Loading TOC...
Search Developer's Guide (PDF)

Search Developer's Guide — Chapter 17

Understanding and Using Wildcard Searches

This chapter describes wildcard searches in MarkLogic Server. The following sections are included:

Wildcards in MarkLogic Server

Wildcard searches enable MarkLogic Server to return results that match combinations of characters and wildcards. Wildcard searches are not simply exact string matches, but are based on character pattern matching between the characters specified in a query and words in documents that contain those character patterns. This section describes wildcards and includes the following topics:

Wildcard Characters

MarkLogic Server supports two wildcard characters: * and ?.

  • * matches zero or more non-space characters.
  • ? matches exactly one non-space character.

For example, he* will match any word starting with he, such as he, her, help, hello, helicopter, and so on. On the other hand, he? will only match three-letter words starting with he, such as hem, hen, and so on.

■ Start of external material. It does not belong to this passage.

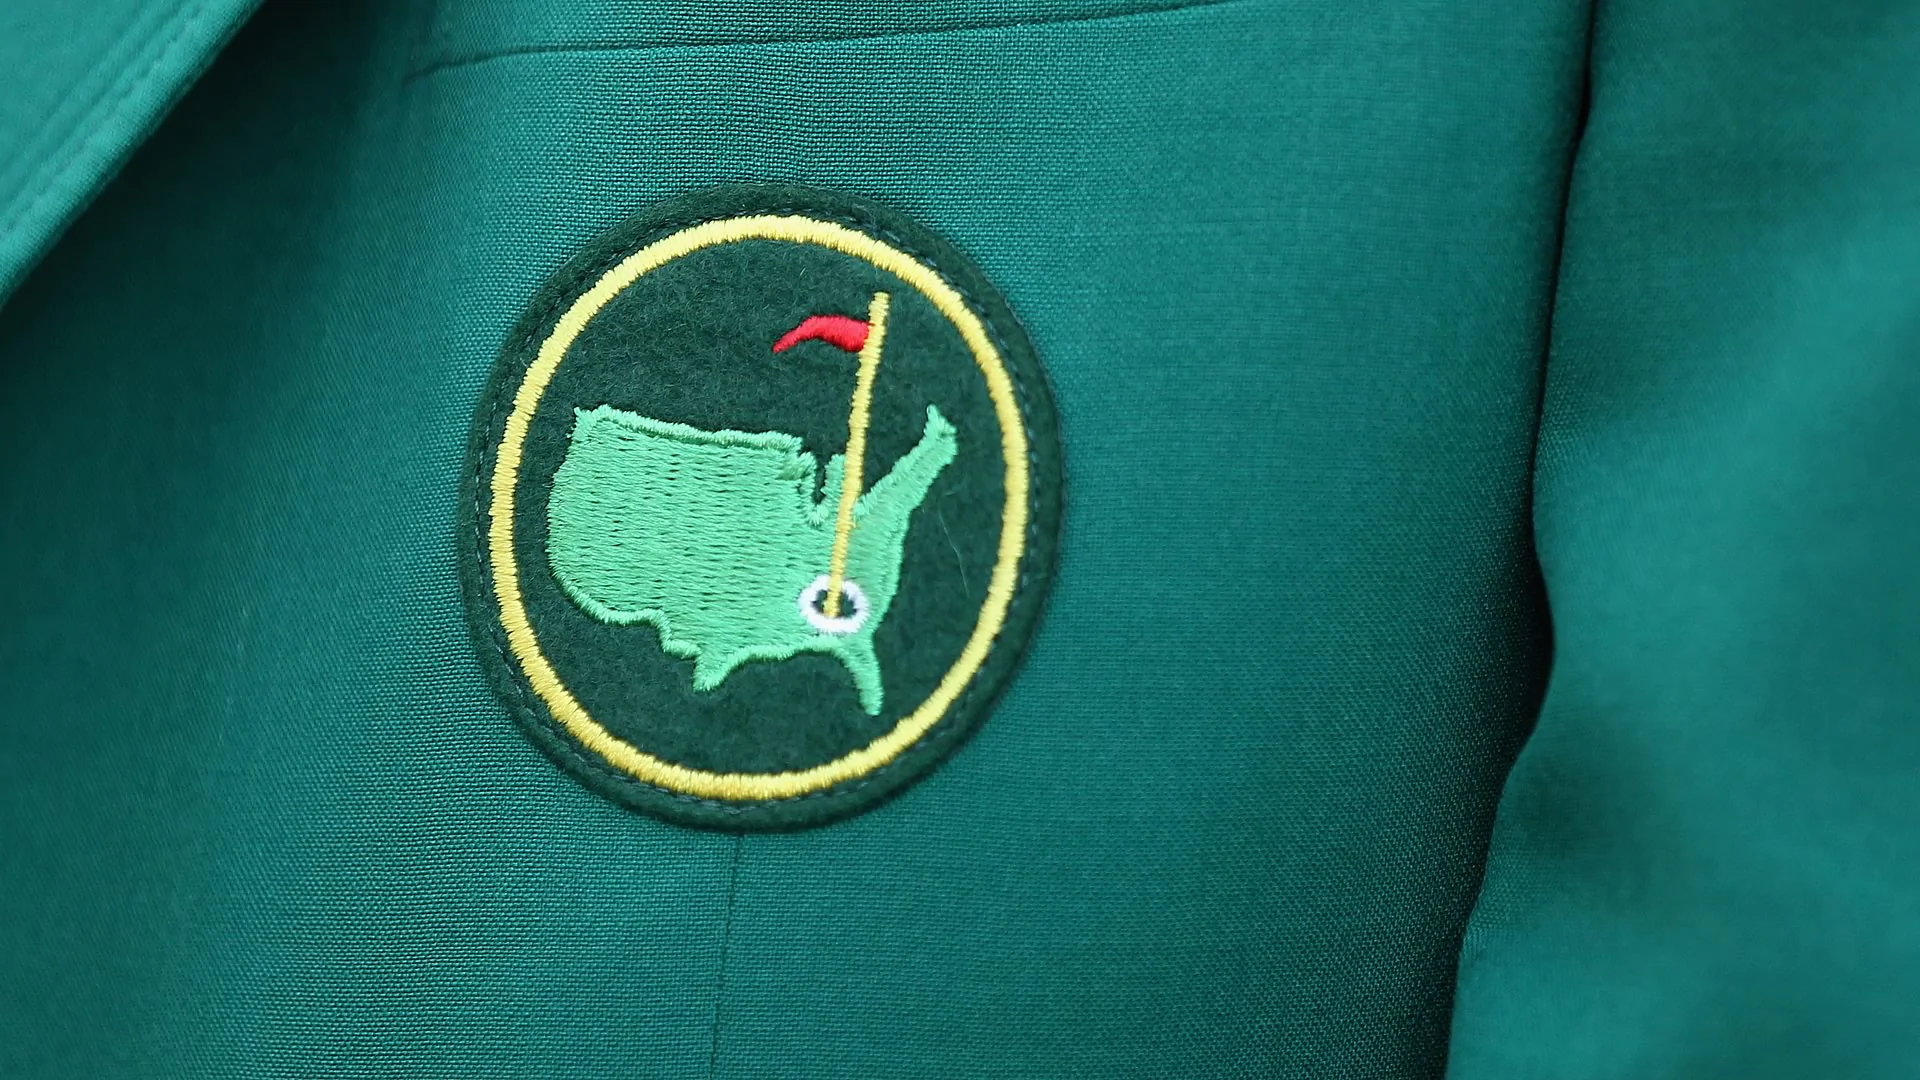 Punch Shot: Who will win the 2021 Masters Tournament

Rules for Wildcard Searches

The following are the basic rules for wildcard searches in MarkLogic Server:

  • There can be more than one wildcard in a single search term or phrase, and the two wildcard characters can be used in combination. For example, m*?? will match words starting with m with three or more characters.
  • Spaces are used as word breaks, and wildcard matching only works within a single word. For example, m*th* will match method but not meet there.
  • If the * wildcard is specified by itself in a value query (for example, cts:element-value-query, cts:element-value-match), it matches everything (spanning word breaks). For example, * will match the value meet me there.
  • If the * wildcard is specified with a non-wildcard character, it will match in value lexicon queries (for example, cts:element-value-match), but will not match in value queries (for example, cts:element-value-query). For example, m* will match the value meet me there for a value lexicon search (for example, cts:element-value-match) but will not match the value for a value query search (for example, cts:element-value-query), because the value query only matches the one word. A value search for m* * will match the value (because m* matches the first word and * matches everything after it).
  • If "wildcarded" is explicitly specified in the cts:query expression, then the search is performed as a wildcard search.
  • If neither "wildcarded" nor "unwildcarded" is specified in the cts:query expression, the database configuration and query text determine wildcarding. If the database has any wildcard indexes enabled (three character searches, two character searches, one character searches, or trailing wildcard searches) and if the query text contains either of the wildcard characters ? or *, then the wildcard characters are treated as wildcards and the search is performed "wildcarded". If none of the wildcard indexes are enabled, the wildcard characters are treated as punctuation and the search is performed unwildcarded (unless "wildcarded" is specified in the cts:query expression).
  • If the query has the punctuation-sensitive option, then punctuation is treated as word characters for wildcard searches. For example, a punctuation-sensitive wildcard search for d*benz would match daimler-benz.
  • If the query has the whitespace-sensitive option, then whitespace is treated as word characters. This can be useful for matching spaces in wildcarded value queries. You can use the whitespace-sensitive option in wildcarded word queries, too, although it might not make much sense, as it will match more than you might expect.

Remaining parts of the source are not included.